Most modern day medicines have well-documented histories of use, misuse, development, and evolution. We have seen the evolution and use of aspirin, ibuprofen, and acetaminophen over the decades and centuries. However, the advent of anabolic steroids has been a recent one. We are still very much in the first century of anabolic agent use, and since much of its use occurs in gym lockers and not laboratories, a shroud of secrecy and mystery still surrounds it.
Steroids were first used in the 1930s. Scientists discovered they could give it to dogs to increase muscle mass. As World War II spread across Europe, Hitler gave his troops many drugs, including amphetamines and anabolic steroids, to improve their battlefield performance, aggressiveness, and durability.

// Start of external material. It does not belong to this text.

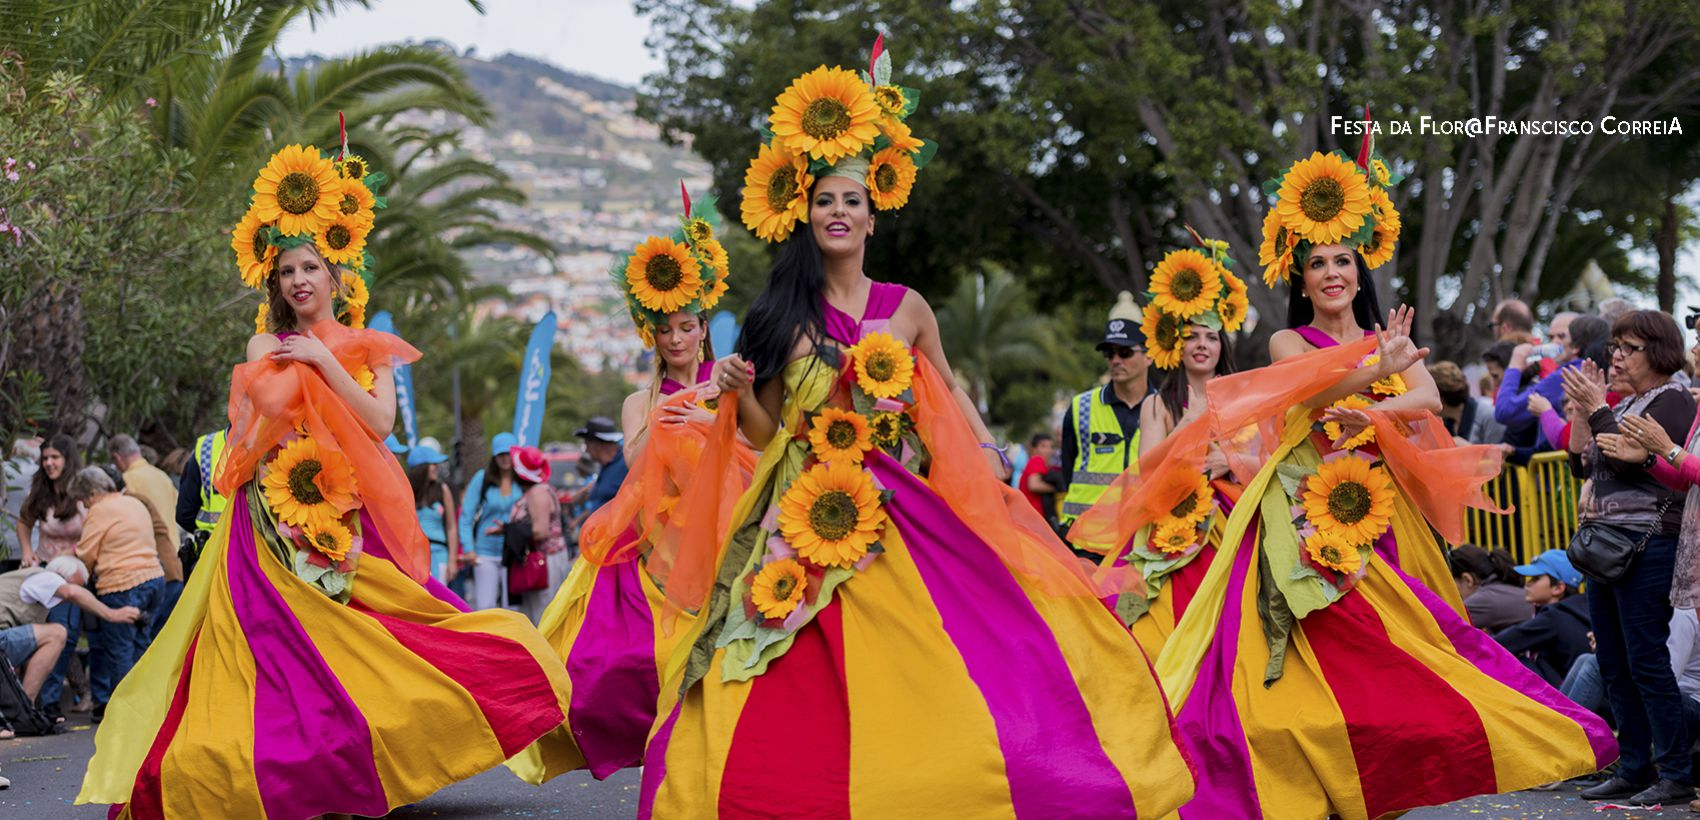 Festa da Flor: Especial Vidamar (4/5 Noites)

As the world found peace 15 years later and world efforts returned to domestic growth (and not war), scientists began to use information garnered from the battlefield in the laboratory as well. In the 1950s, competitive governments pioneered the use of steroids in high-level athletes for Olympia competition. While it was still disputed publicly whether animal drugs or artificial hormones could benefit humans without great toxicity, privately governments were pumping their athletes full of compounds so that they could win gold medals at the Games.
Word-of-mouth spread, and soon it wasn’t just the top athletes that were using drugs. In the 1960s and 1970s, there was a rash of steroid use in college sports as these unregulated and understudied compounds were taken by the handful by naive athletes looking for an edge. As many as a quarter of college athletes polled admitted to steroid use in this period, a time when other drugs were very loosely regulated as well, and experimentation was something that many college kids did.
Today, thanks to the stricter laws and import policies, it’s much harder for athletes to secure steroids in the first place. It used to be that simple orals were available in most gyms of pharmacies. Today, they are highly controlled substances, and ordering them involves an overseas transaction with risk of having two dozen DEA agents kicking down your door. While the motivation may be there in the form of bigger bucks for successful athletic performance, the drugs are not as available as they were historically.
What does the future hold for steroids? Within the next ten to fifteen years, it’s likely that non-anabolic compounds will arrive without the side effects of today’s steroids. When this happens, steroid use might once again jump at a rate not seen since the 1960s. Time will tell.